As a Mississippi worker you are likely entitled to workers’ compensation benefits should you be injured in a workplace accident or suffer a job-related illness. The workers’ compensation system is a no-fault system that provides both medical treatment and wage replacement benefits to eligible workers who suffer a job-related injury or illness. In theory, it should be fairly simple for a worker to get approved for workers’ compensation benefits. However, in practice the road to approval of workers’ compensation benefits is often paved with obstacles and roadblocks.
If you have applied for Mississippi workers’ compensation benefits and received a Notice of Controversion indicating that your claim was denied, don’t give up. An initial denial does not mean your claim for benefits will never be approved. Instead, it means that you just encountered one of those roadblocks that many applicants do.

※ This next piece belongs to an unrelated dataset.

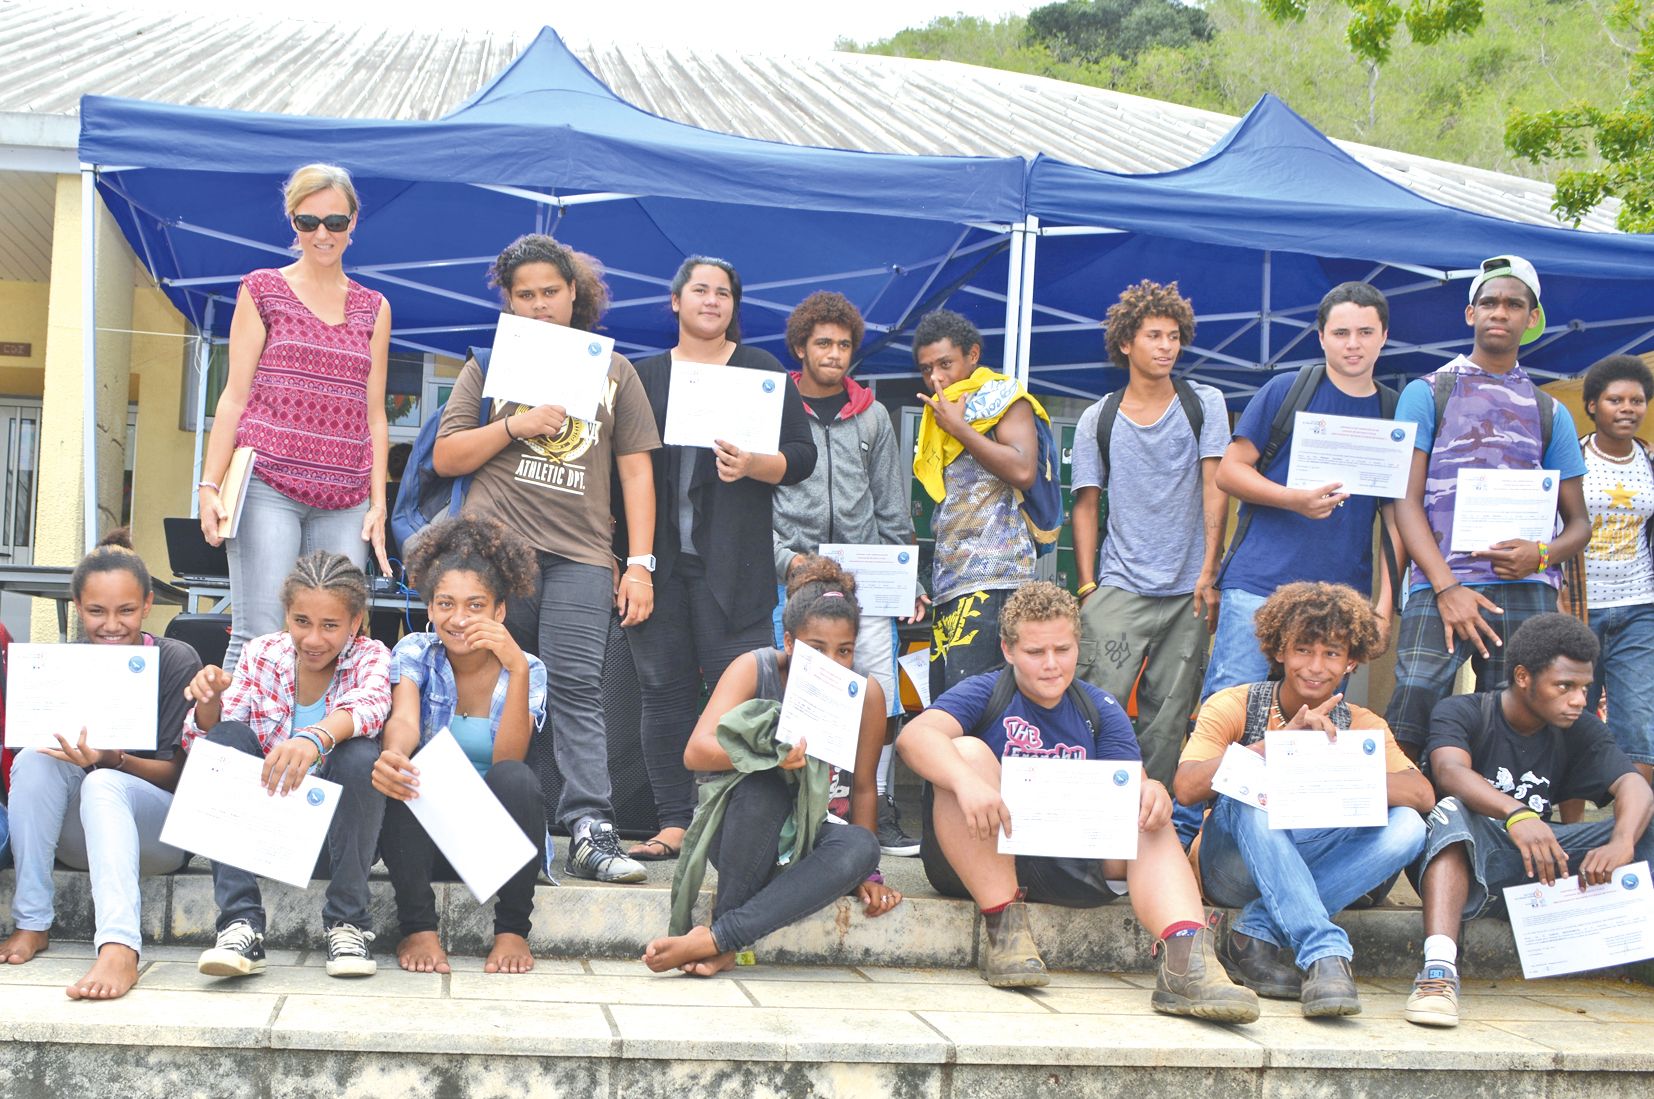 Les élèves de 3e découverte professionnelle et ceux de 4e, qui n’ont pas participé aux voyages en Nouvelle-Zélande et au Vanuatu, ont été formés aux premiers secours. Leur diplôme leur a été remis lors de cette matinée.
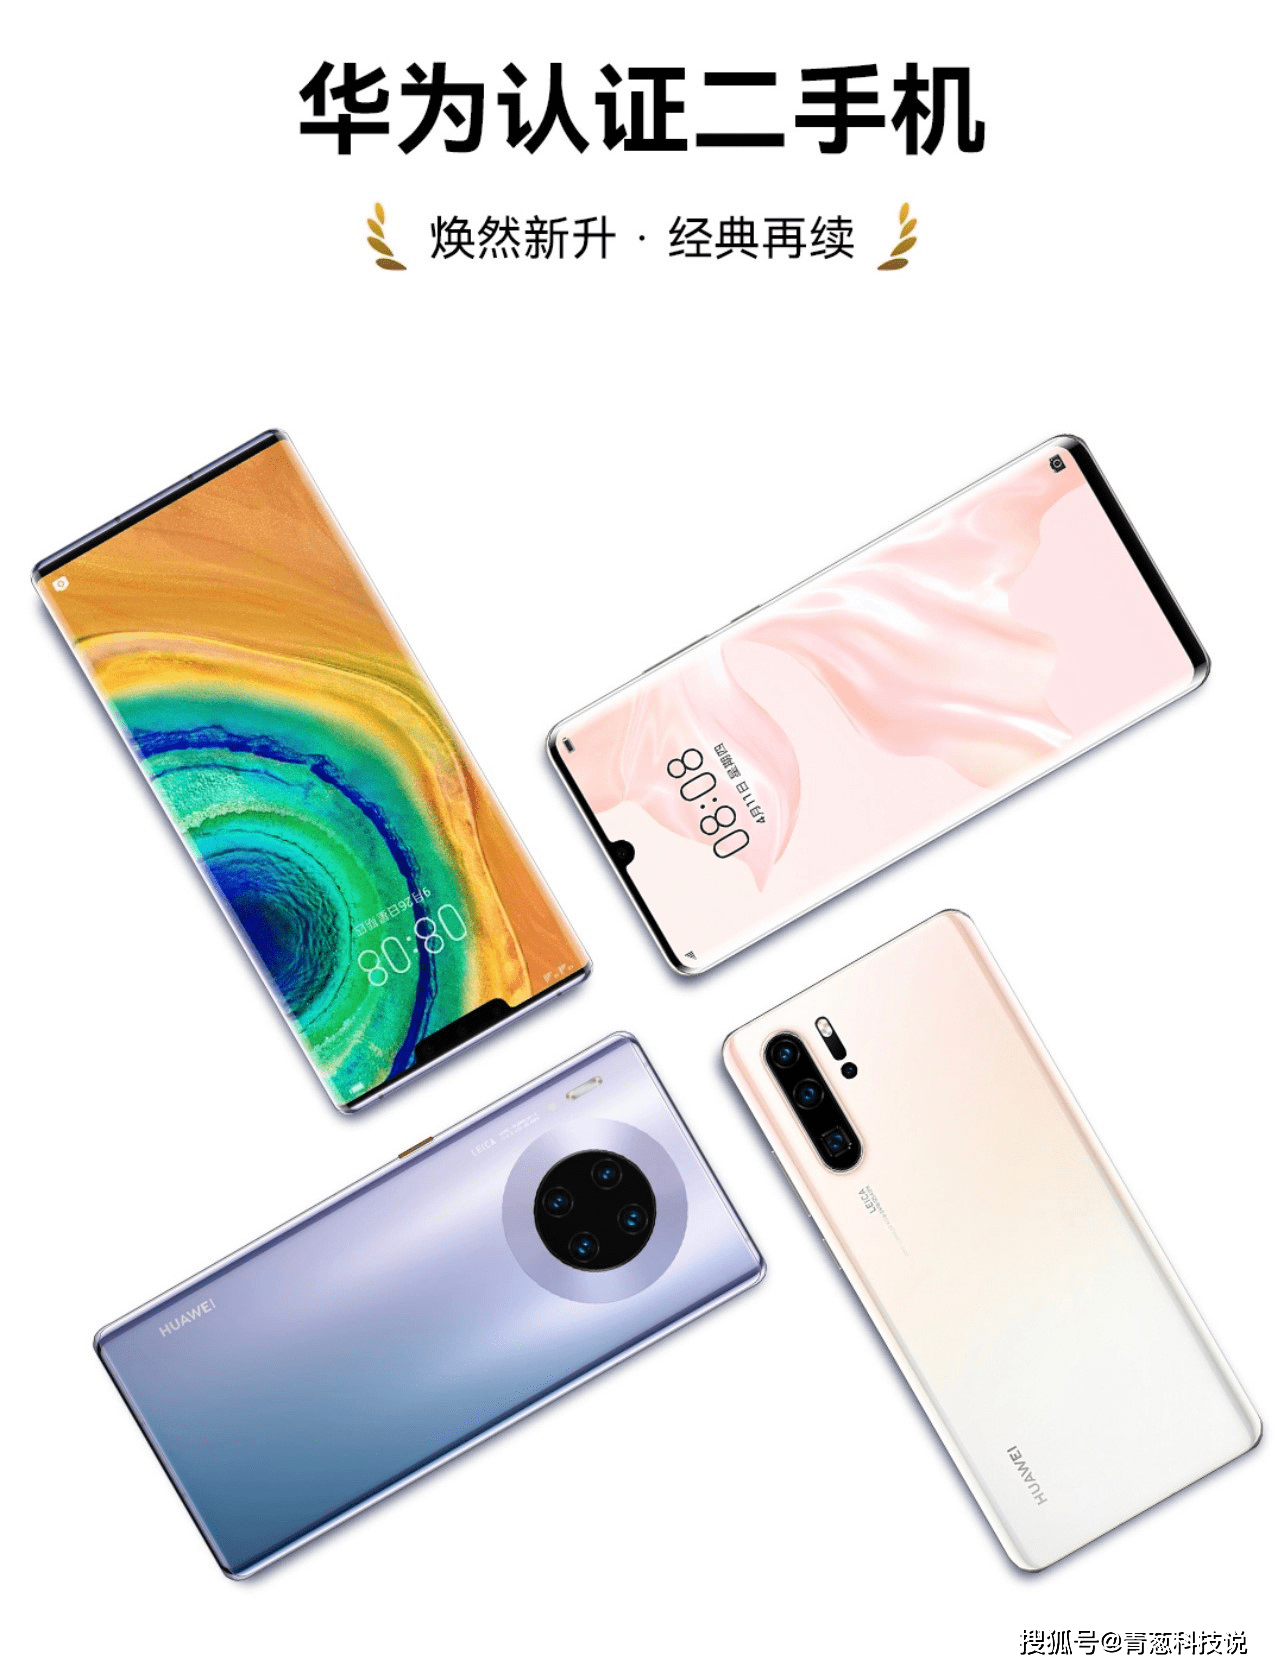 JBO竞博华为官网上架二手机搭载鸿蒙osP30售价2799元(图2)

Because each workers’ compensation claim includes a unique set of facts and circumstances it is in your best interest to consult with an experienced Mississippi workers’ compensation attorney as soon as you are made aware that your claim was denied. In addition, the answers to the following five questions will be important as you move forward:
1. What reason was given for the denial? Your employer is required to provide you with a Notice of Controversion if the employer denies your claim. On the notice, the employer must explain the grounds on which the claim was denied. Common reasons why a claim is denied include:
a. The employer claims you are not a covered employee
b. The employee claims the injury or illness is not work related
c. The employer claims the injury or illness was pre-existing
d. The employer claims the employee was intoxicated
e. The employer claims the injury was intentionally self-inflicted
f. Technical grounds—your application was incomplete or did not provide enough information on which to base a decision.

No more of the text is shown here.